Goal of the exercise = When you restate the data, keep every word as it is and drop the images.

Input data =
________________________________________
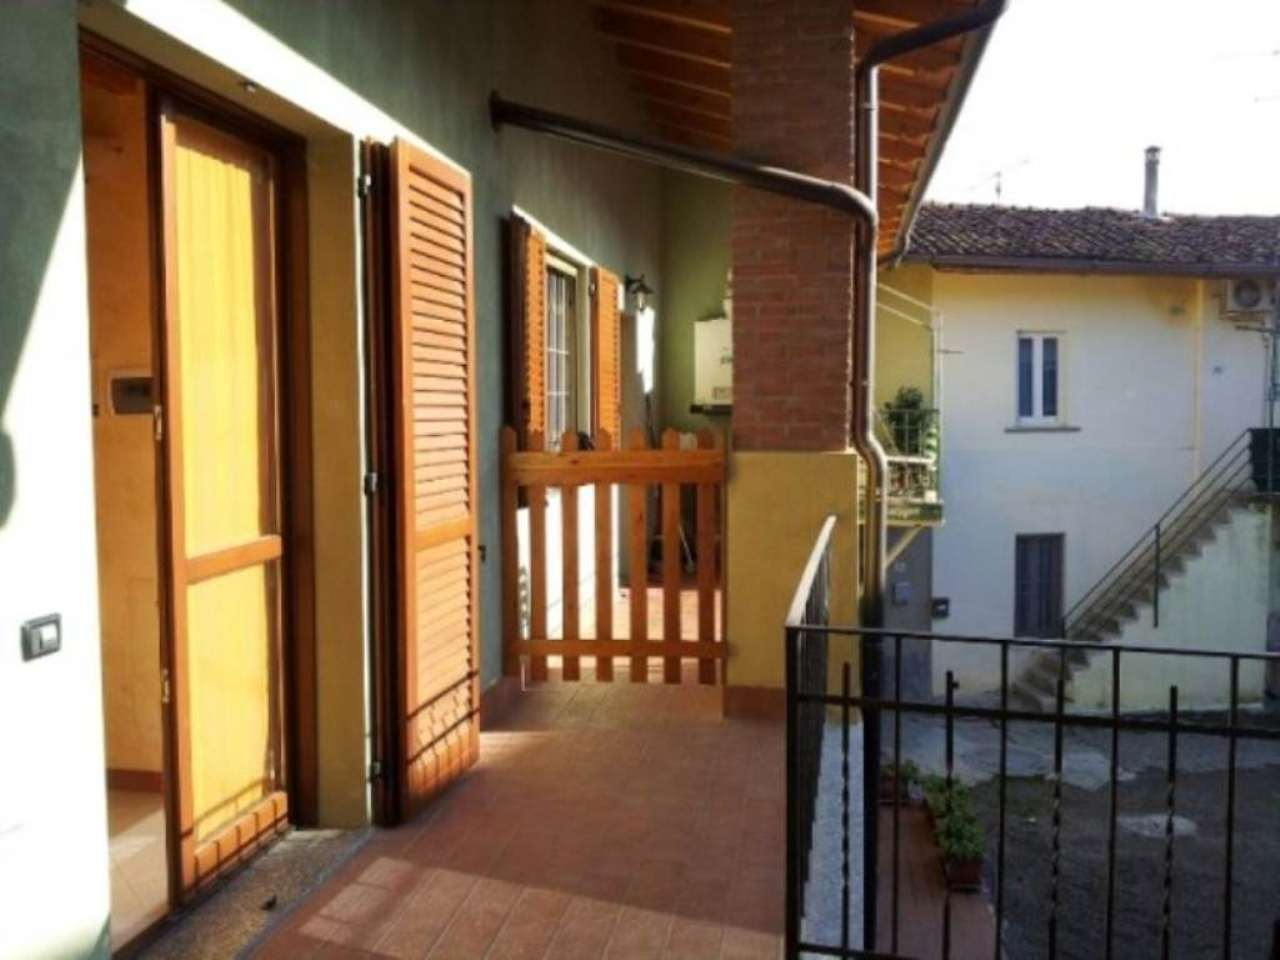 Appartamento in vendita a Brembate, 2 locali, prezzo € 68.000 | Cambio Casa.it
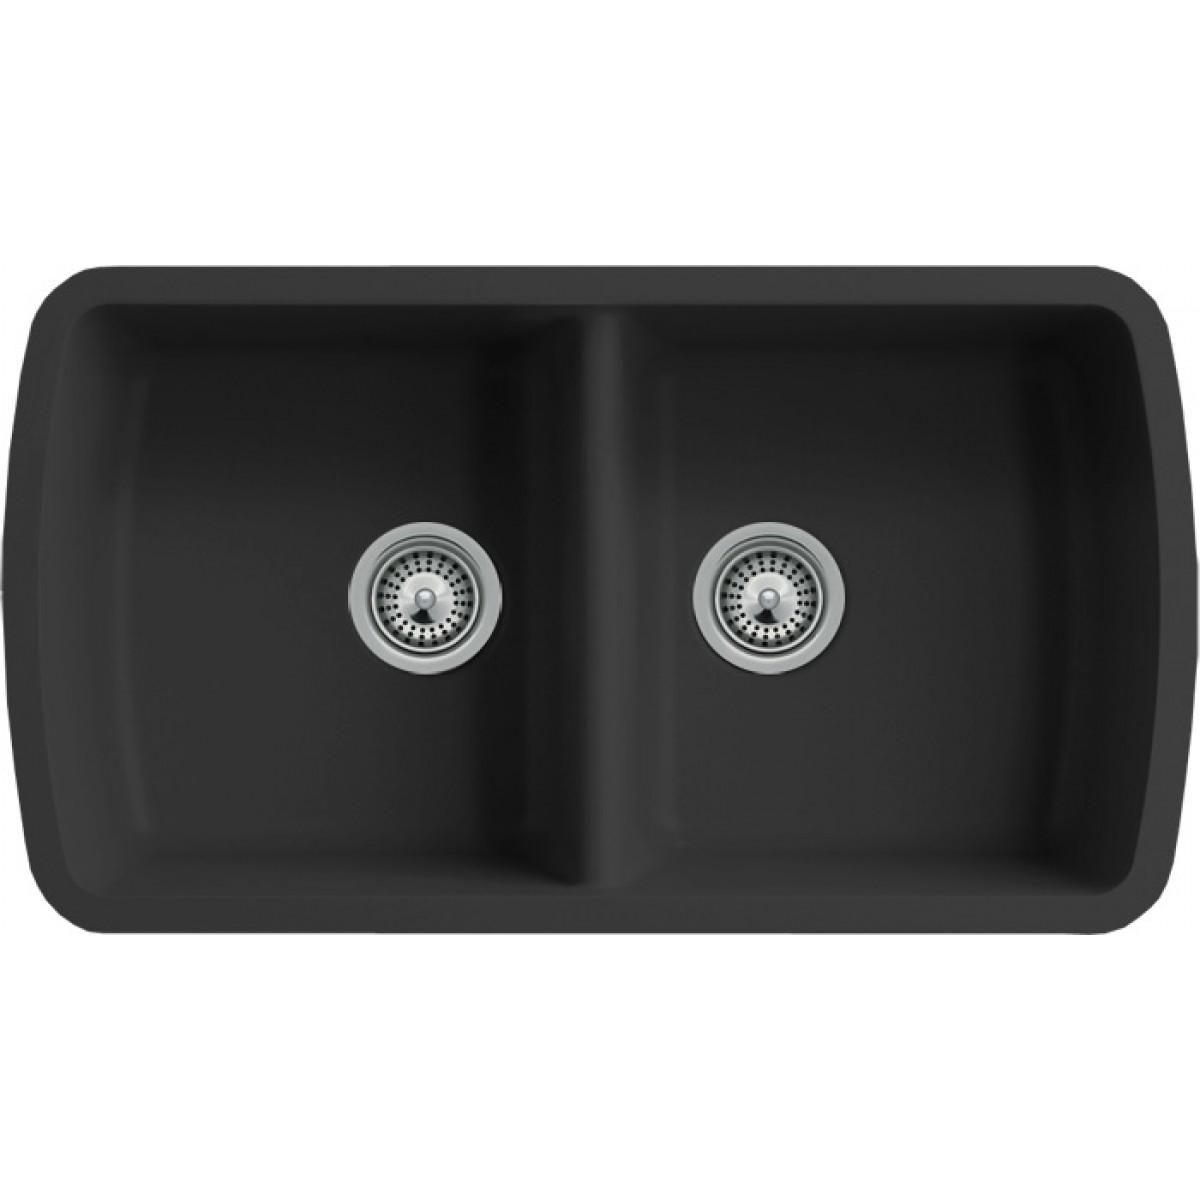 Undermount Granite Composite Kitchen Sinks Black Quartz Composite 50 50 Double Bowl Undermount Kitchen Sink
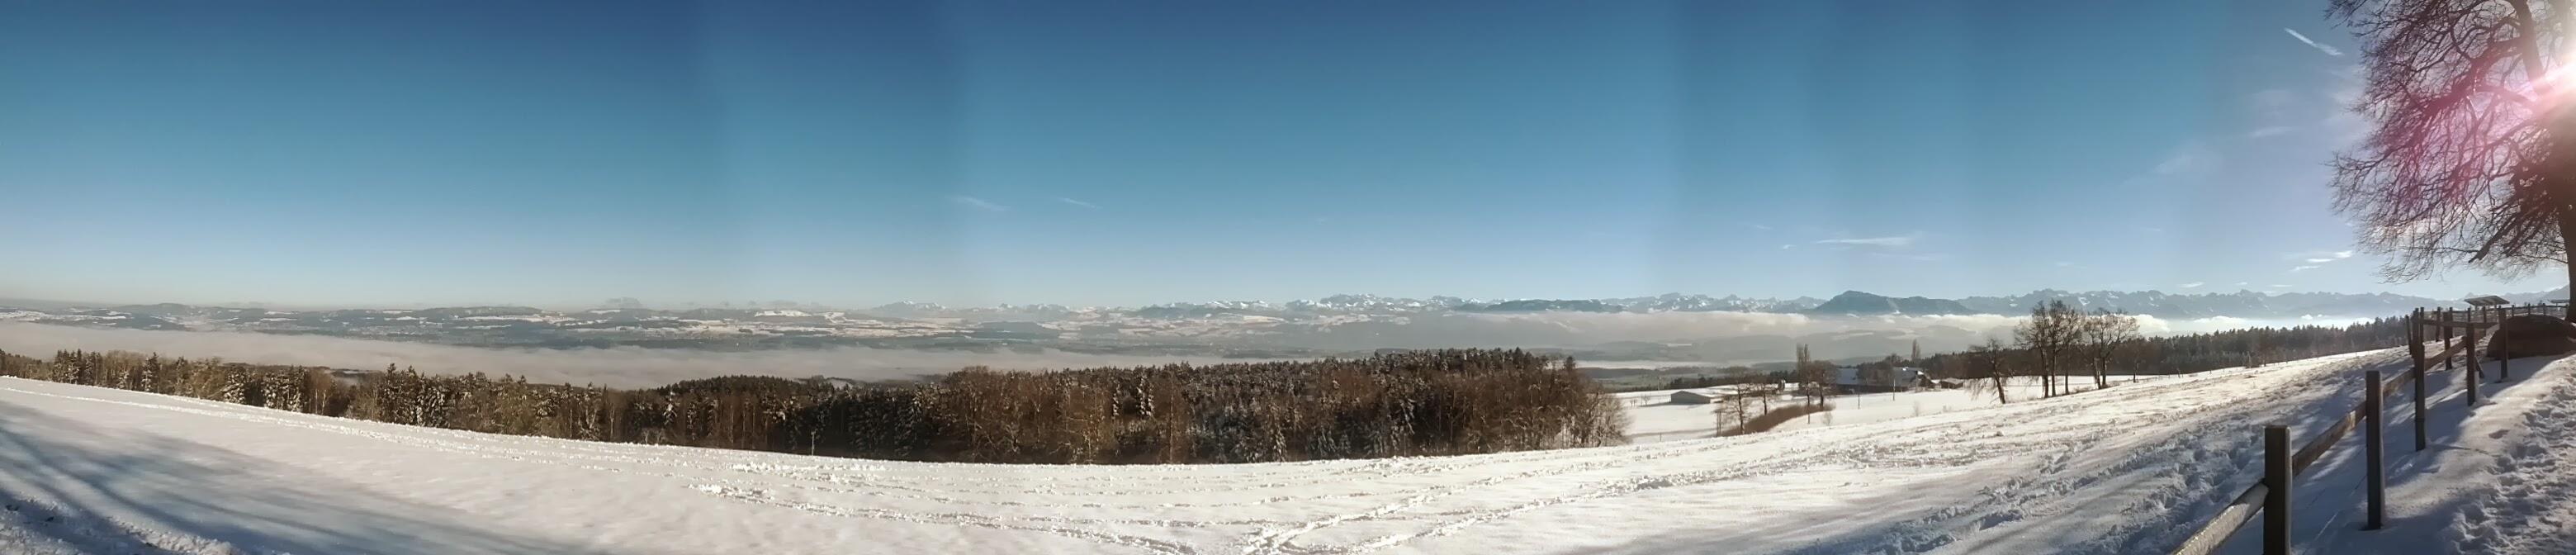 Panorama blauer Himmel
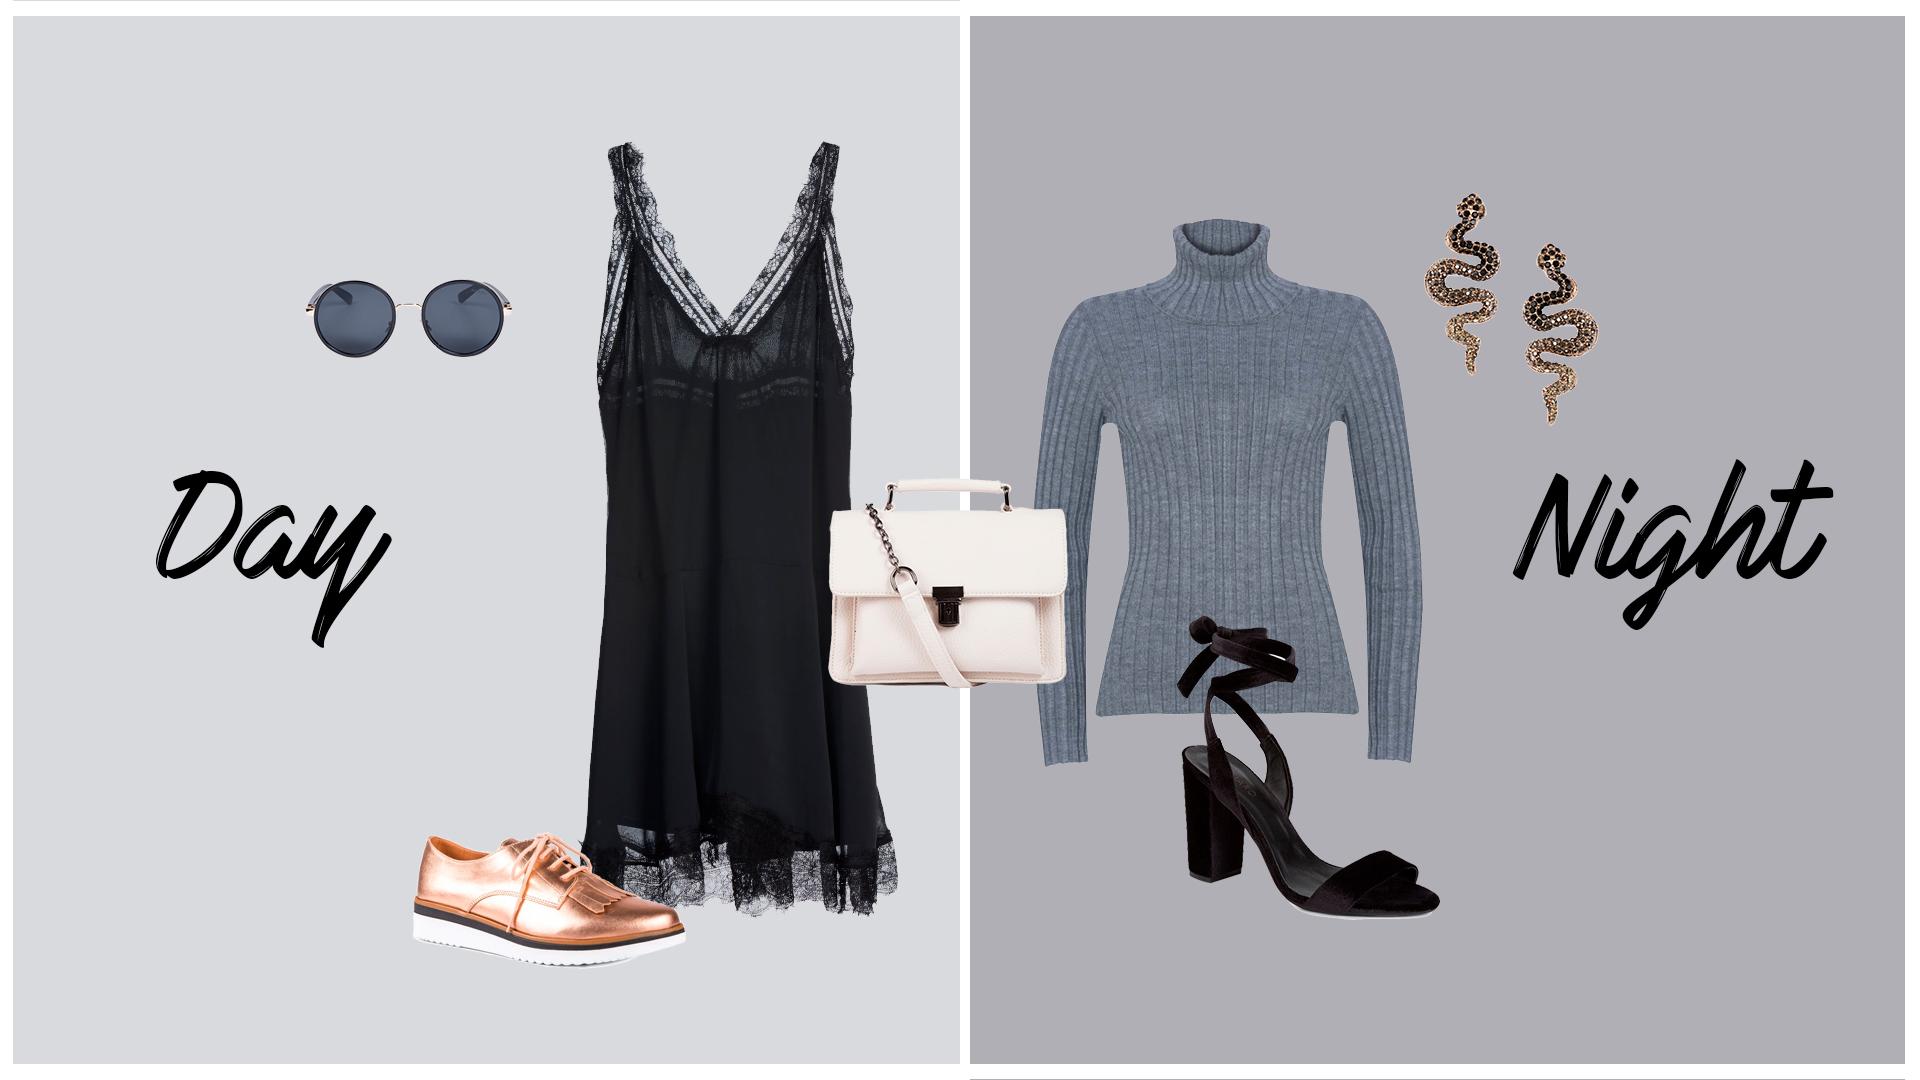 Look versátil para o dia e para a noite com roupas estilosas e seguindo as tendências atuais.
________________________________________
Task answer =
 Appartamento in vendita a Brembate, 2 locali, prezzo € 68.000 | Cambio Casa.it
 Undermount Granite Composite Kitchen Sinks Black Quartz Composite 50 50 Double Bowl Undermount Kitchen Sink
 Panorama blauer Himmel
 Look versátil para o dia e para a noite com roupas estilosas e seguindo as tendências atuais.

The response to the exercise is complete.